That's the mass taste. I am not trying to discuss with the mainstream taste, just made the tool.
For those interested in getting a personalized movie ranking I created another tool "Movie Galaxy" http://arek-paterek.com/movie-galaxy/
I seriously doubt that. Just because it's what the available data show doesn't mean that that's the popular taste. If you surveyed 100 people who have seen both The Avengers and Godfather Part 2, I highly doubt a majority will regard the former as a better film than the latter. People are in different moods when they rate films, older films don't get rated as often, the scale with which an individual rates different films may be wildly non-normalized...
Website idea[0]: show two random movies, ask them if they've seen both, and if they have, ask the user which one's better without prescribing what "better" means. Repeat 1 trillion times. I'd be much more willing to trust differential data like this.
[0] - not going to call it a startup idea, because I have no idea how it would make money.
I think you'd be surprised. Though, I also think you'd be hard-pressed to find people who have watched both films (I've only seen one, and it isn't The Avengers). And there's a reason for that: most people don't want to watch a three-hour, epic drama from 1972. Ask people who haven't seen either film which they'd rather see, tonight, and I'll bet they choose The Avengers. Why? Because if you haven't seen GF2 by now, it probably doesn't interest you. So on some level, these rankings speak to the current Zeitgeist.
I can't understand the vitriol directed at these rankings. Sure, there is a definite bias towards modern films in the imdb rankings, but it is what it is. I don't think that it's any different than some crotchety old movie critic telling me which films I should like best.
The fact of the matter is, there is no objective measure of "best". Scan these comments. I can find examples to agree with and disagree with in nearly every single one. But they are all saying the same thing: "This list is wrong!" Based on that, I don't think you or I would have any more success curating a list of movies. This list is as good as any.
> Website idea: show two random movies, ask them if they've seen both, and if they have, ask the user which one's better without prescribing what "better" means. Repeat 1 trillion times.
Having played with the site for the past 20 minutes now, the by far most difficult thing is choosing between two horrible movies. I really wish there was a "they're both equally horrible" button.
That's really neat. It's quite addictive to rank films that way. Annoyingly hard in some instances. The only thing I think is lacking is some way to get a reminder about the plot; when you're talking about movies seen more than a couple of decades ago ...

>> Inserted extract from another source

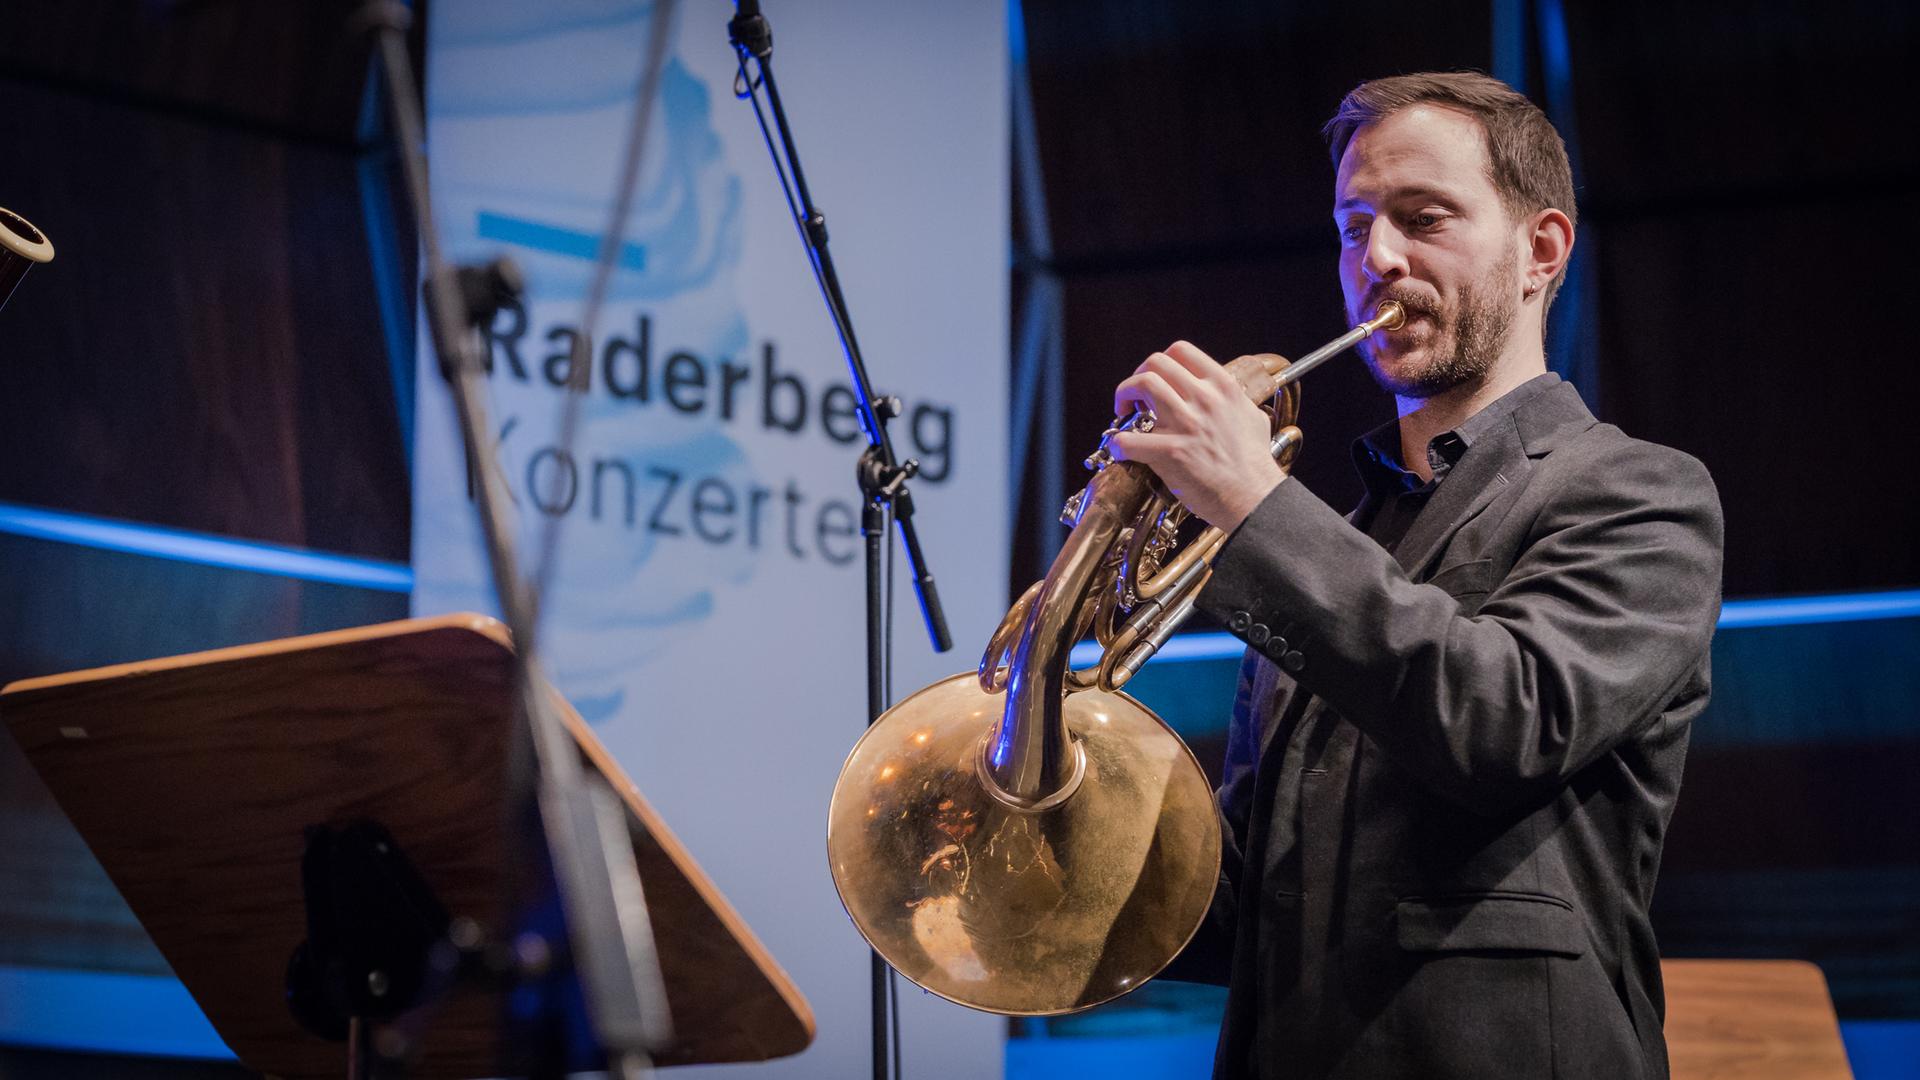 Ein Hornist spielt in einem holzvertäfelten Saal, der bläulich angestrahlt wird. Im Hintergrund hängt ein großes Plakat mit der Aufschrift "Raderberg Konzerte - Deutschlandfunk".

The tool has no point if the data source is flawed. It is like saying you made a weather forecast website but none of the predictions are accurate: It becomes worthless. If you make a tool that tool has to be able to extract quality data before anything else.
And interestingly, "Research suggests that the best way to predict how much we will enjoy an experience is to see how much someone else enjoyed it."
- “If money doesn’t make you happy, then you probably aren’t spending it right” by Elizabeth W. Dunn, Daniel T. Gilbert
Maybe put in an inflation adjustment factor. That would reflect how a movie rates compared to it's contemporaries.
You'd have to be careful not to cap a movies' rating just because scores in that era are more lenient though -- maybe pull movies toward an overall median based on their distance from a 2-3 year moving average.
So say we want the median score to be 50%. And the median rating in 2008 was 63%. Let's take two movies from 2008 -- one scored 98%, the highest score in several years, and one scored 63%. The 98% movie stays at 98%. The 63% movie score becomes 50%.